We soon came to call our rental house the Cabbage Patch Hut. Instead of a manicured lawn or sculpted shrubbery, the house sat right in the middle of a working cabbage patch. In its own way, it was both practical and charming — a daily reminder of how function and beauty can coexist. Watching the morning light spill over the cabbages, with Fujisan rising beyond, we were reminded that travel isn’t just about seeing new places; it’s about briefly stepping into someone else’s rhythm of life — a rhythm that, in Narusawa, is rooted in the land itself.

Just outside our Cabbage Patch Hut runs Highway 139, the main road that stretches from Fujikawaguchiko — “Lake at the River’s Mouth, at Fujisan” — near Lake Kawaguchi all the way to Fujinomiya City in Shizuoka Prefecture. It’s a busy highway. If you follow it far enough, you’ll come to a rural crossroads called Michi-no-Eki Narusawa Kōsaten (“Roadside Station Narusawa Intersection”). On the corner of that intersection sits the local 7-Eleven convenience store — the ever-reliable 7-i conbini.

While the conbini itself is fascinating, with its neatly packed onigiri, egg salad sandwiches, and even gunpla model kits, the most striking thing about this store is its signage.

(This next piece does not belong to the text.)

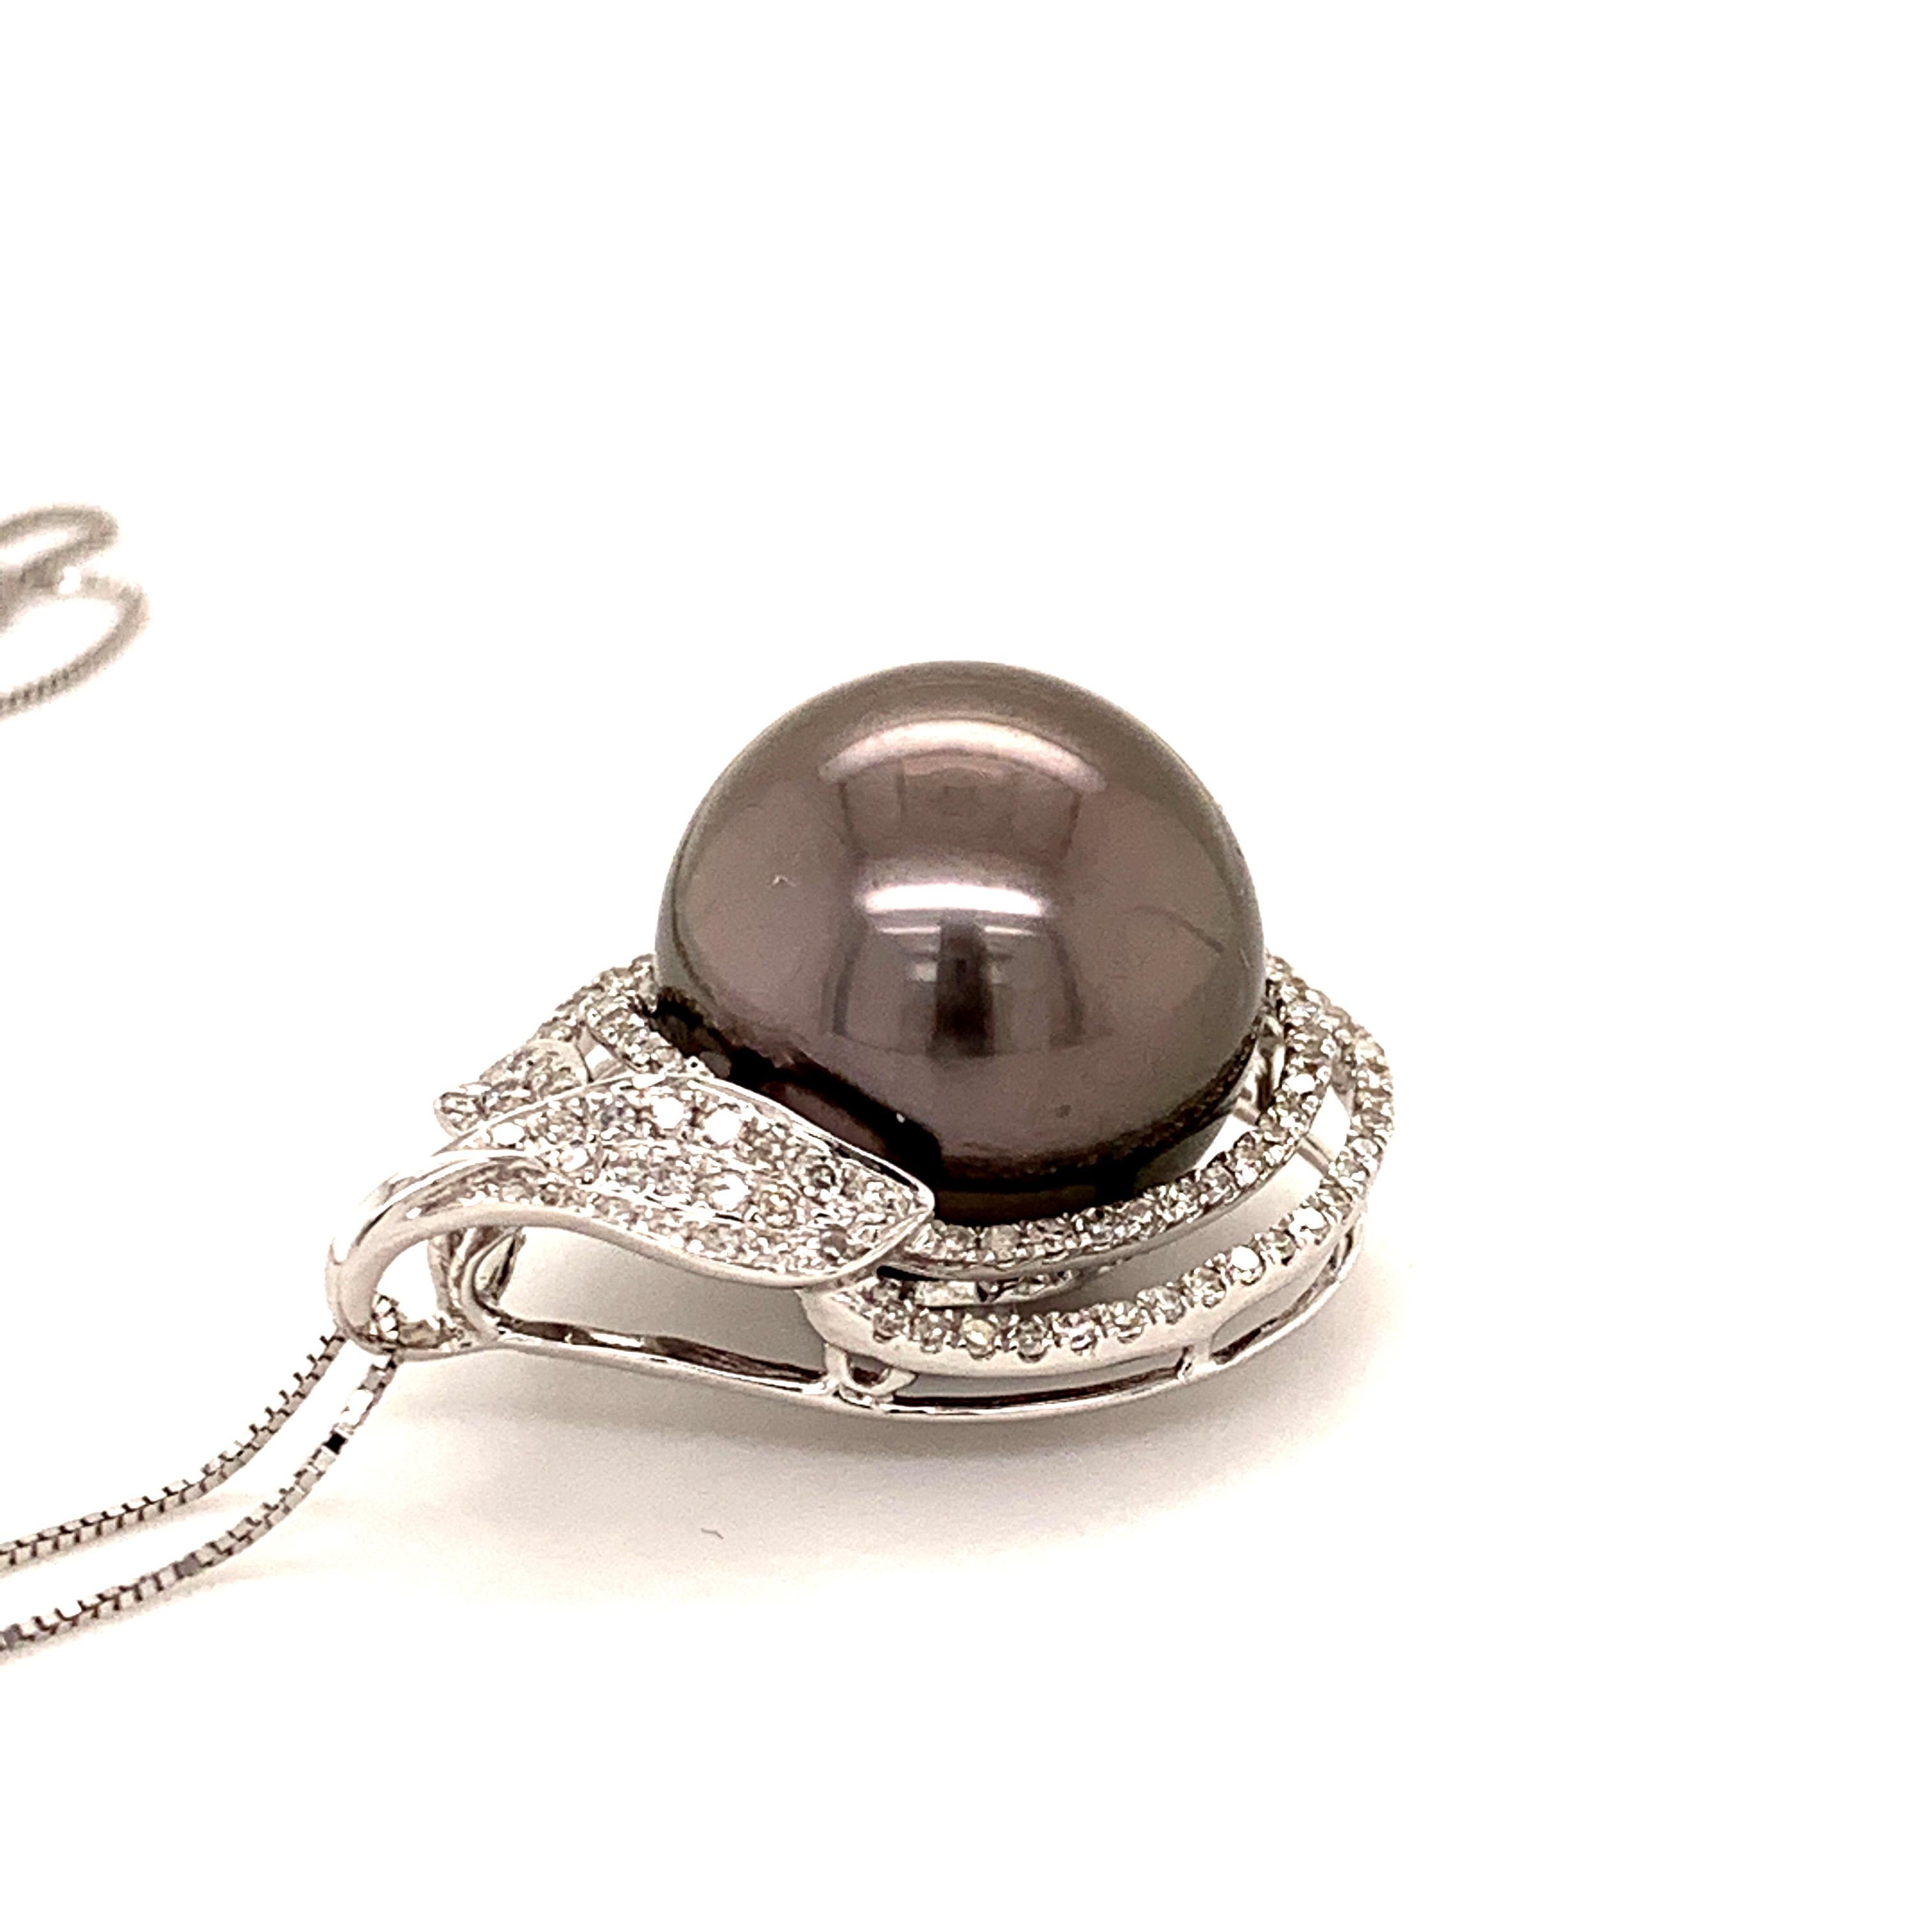 Elegant Tahitian pearl diamond pendant. Very good lustre, black with pink, silver overtone, 14.7mm round Tahitian pearl, surrounded with two rows of round brilliant cut diamonds. Handcrafted design set in high polished 18 karats white gold, along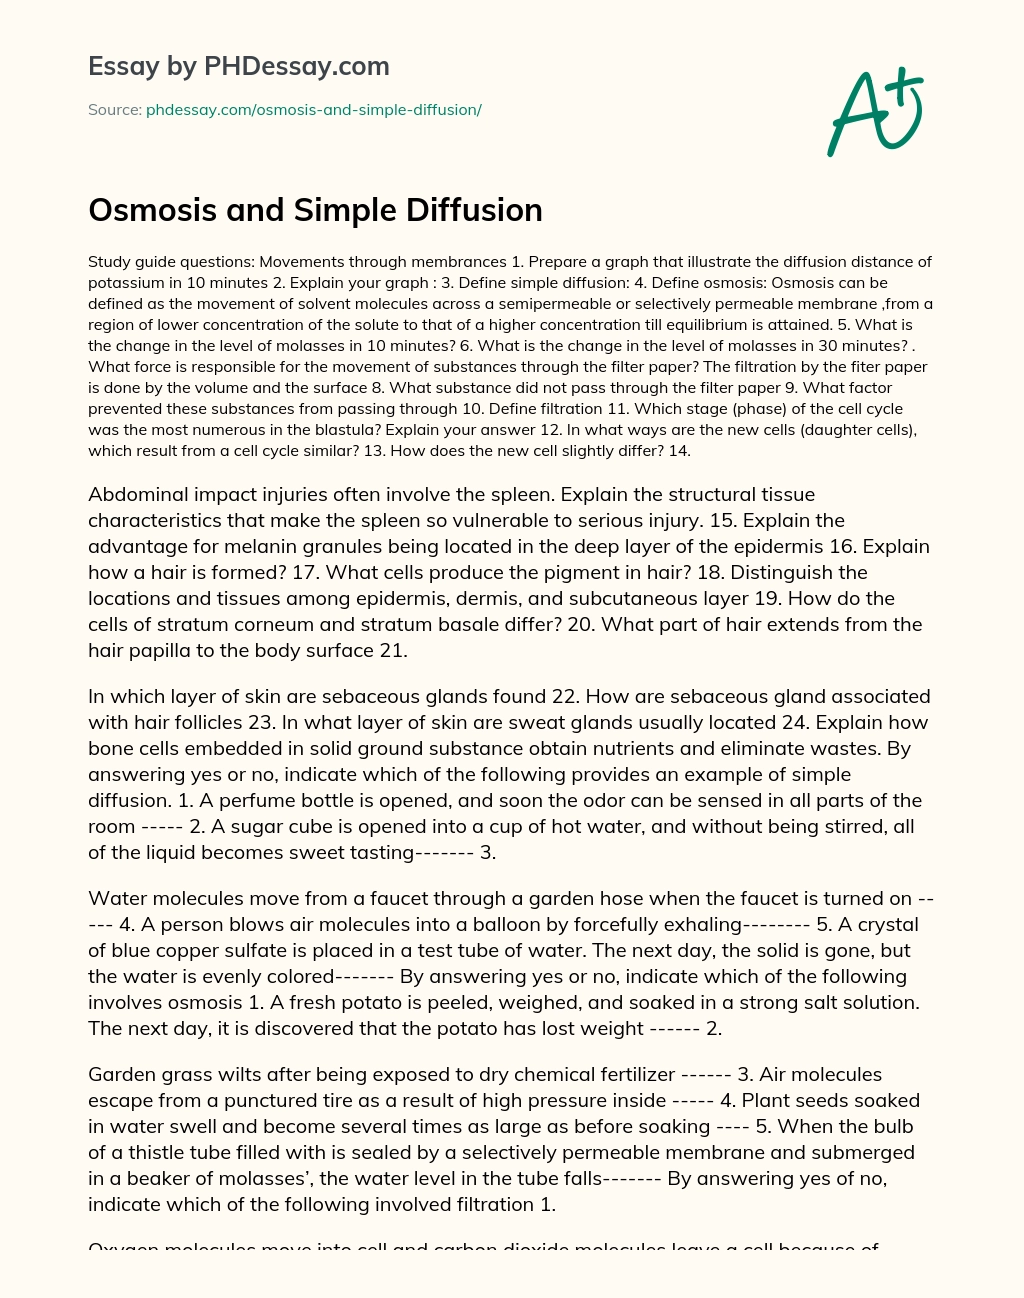 Osmosis and Simple Diffusion essay

We’re all used to the bold green, orange, and red stripes of the familiar 7-Eleven, but here the sign is rendered in muted tones of brown, tan, and beige.

It’s a small but telling gesture — another nod to the local aesthetic and the respect the community shows for its surroundings. In the distance, Fujisan rises directly behind the store, and the usual bright colors would almost feel out of place, maybe even a little disrespectful to the mountain’s quiet majesty. Standing there, coffee in hand, I realized that even a convenience store could learn to bow to Fujisan — quietly, respectfully — reminding travelers like us to do the same.